CNN is broadly used in the field of computer vision and they are a type of deep learning artificial neural network. The medical image comes in various forms such as computed tomography, ultrasound, x-ray and also, magnetic resonance images. Human anatomy is shown via medical images and with unhealthy parts such as tumors, lesions, and other diseases.  Describing various anatomical structures and detecting tissues that are unhealthy are the most common goal of segmentation. This paper validates the method segmentation of convolutional based medical image on either MRI brain images or on one of the hands and to this resolution, a U-net architecture was used and the two modifications been tested which is combining multiple segmentation maps and using element-wise summation to forward to feature maps. 

Method

Network Architecture: The element-wise summation inserts straight to the details locally originate in the feature maps, and it can be viewed together in a large residential block for both skip connection and layers that are among the source and destination of the skip connection. The prior theory on the residual blocks says when the optimal function is approximated by a stack of layers it is most useful and this is in a deep neural network and the feature maps is created by growing steps and it acts as a refinement of feature maps that is created in contracting stages. Lastly, this network is tested without the usage of skip connection to know its full usefulness. This work combines segmented maps created at various point in the network. 3D medical image demands high memory and this I solved by splitting the image into smaller sections and also down sampling can be used when the memory is too big. In the network, the feature maps size changes only by stride convolutional operations or deconvolutional operation by using zero-padding. ReLU is used in the network and max-pooling isn’t used but stride convolution was used because it gives better result in the preliminary experiments.

Loss Metric: In medical segmentation class imbalance is very important and it needs special needs with regards to the used loss function, so in this work, a loss function similar with dice similarity coefficient is been used for the data training. There is a limitation to this choice of loss function because with no foreground label of the ground truth like a brain image with no tumor region this will have a maximized loss function even though the output image contains little false positives.

Experiment

Data: As the said earlier network is applied to two tasks. The first dataset for this work has different hand postures of 30 MRIs (the metacarpal phalanx, the proximal phalanx, the middle phalanx, and the distal phalanx), unlike the tumor, the anatomy of the hand has limitations on the size, shape, and location of the bone.

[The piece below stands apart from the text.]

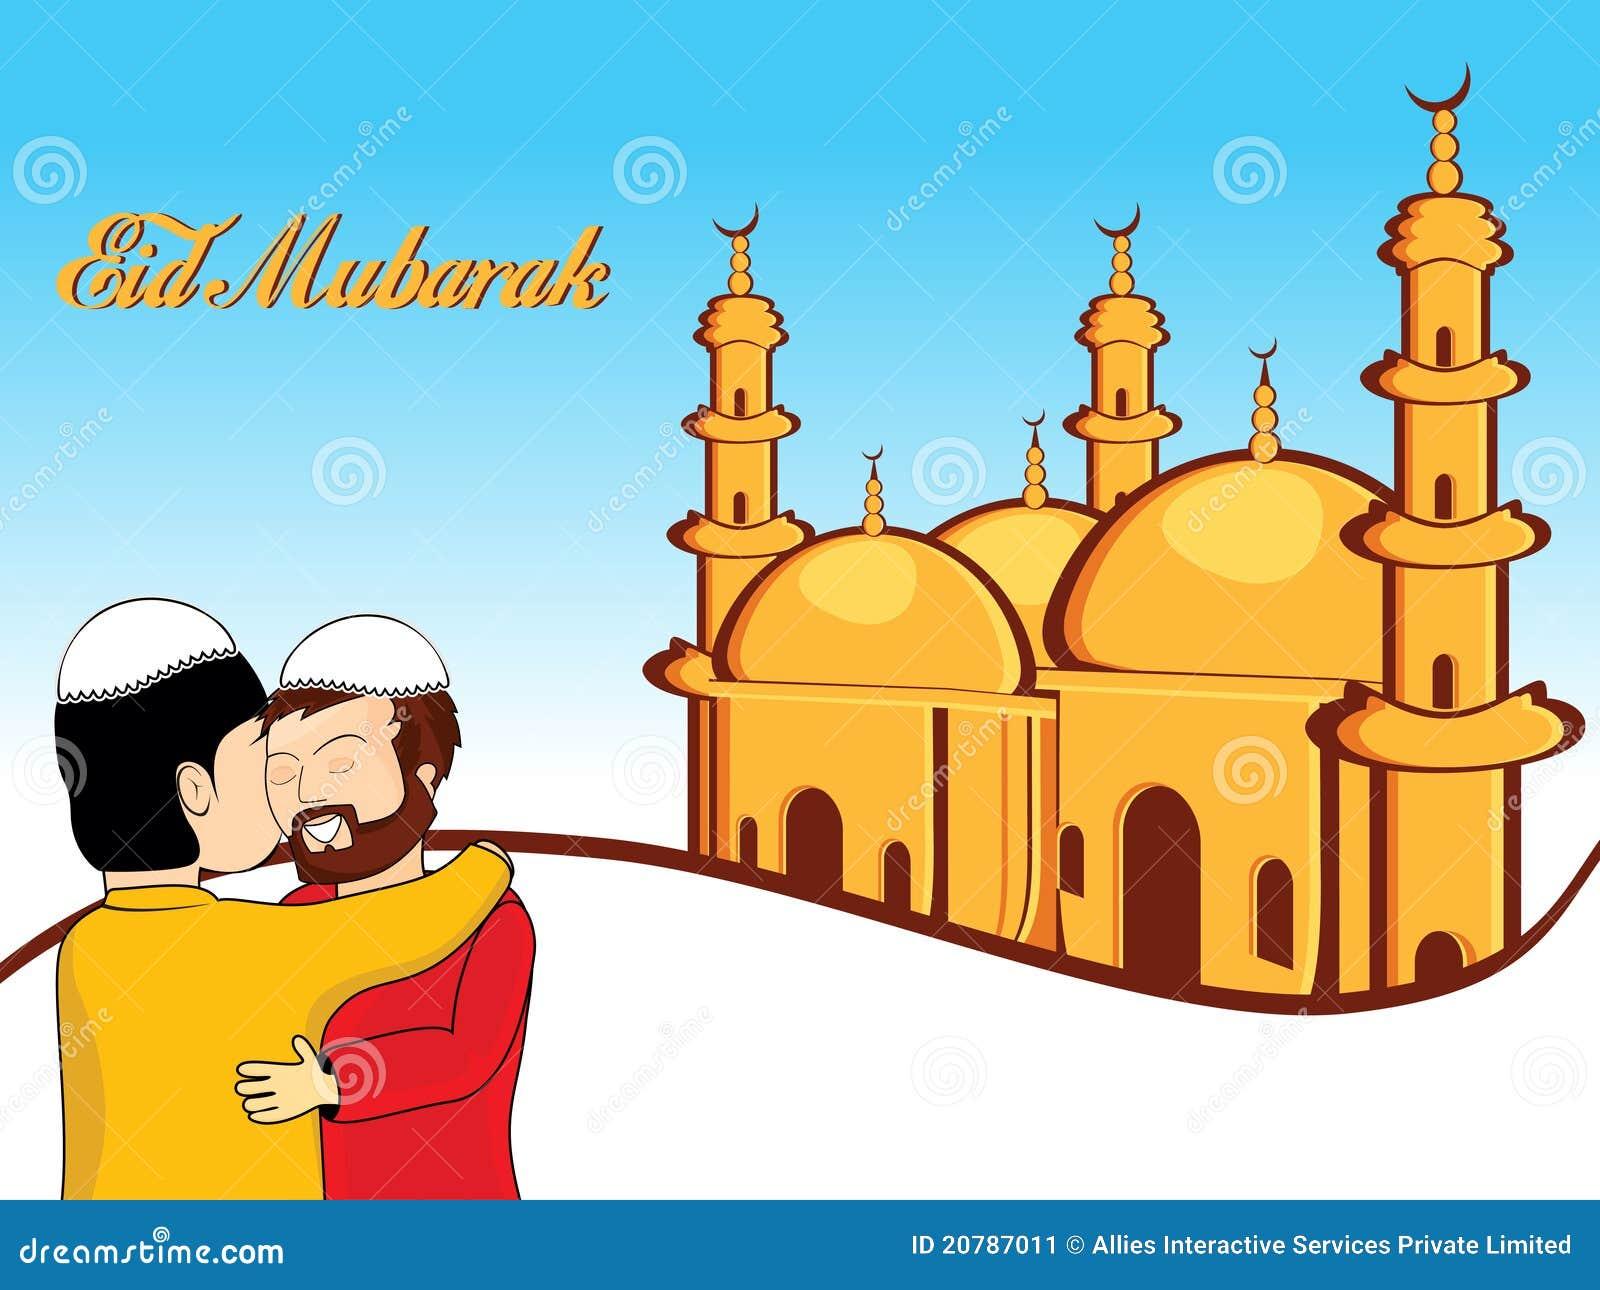 Illustration For Eid Mubarak Stock Image - Image: 20787011

The green part is the metacarpal phalanx, yellow is the proximal phalanx, orange is the middle phalanx and red is the distal phalanx.

The second dataset is the objective of the annual BRATS challenge which is brain tumor region segmentation and the training data for this work is the BRAT 2015 training data set which has 274 images in four modalities which is the Flair, T1, T1C and T2. 220 of the 274 images are classified has high-grade gliomas and the other 54 are classified has low grade glioma. Necrosis, Edema, Non-enhancing, and Enhancing tumor are the classes involved in the segmentation. Unlike the hand, the tumor comes out in different locations and in different sizes and shapes. For each class, the average frequency is taken over all the datasets and it was calculated for both the hand MRI and the brain MRI.

This is a 2D image from the BRAT dataset which we have the raw image to the left and the overlayed ground truth is to the right. Red is for Necrosis, Green is for Edema, Yellow is for Non-enhancing and Orange is for Enhancing tumor.

Learning and Evaluation:

Training: 20 images were used for training from the 30 MRI images samples while the remaining is going to be for validation and testing set that will be divided into 5 equally. A random transformation is used on the images because of the shortage of data and one of the three transformations is used at each iteration on the image which to be classified by the network. For the brain image data 220 images are used for testing, 27 for validation and also 27 for testing sets. The same random transformation is used for the brain image has it is used for the hand image and the same setting of Adam optimizer is used for both hand and brain image.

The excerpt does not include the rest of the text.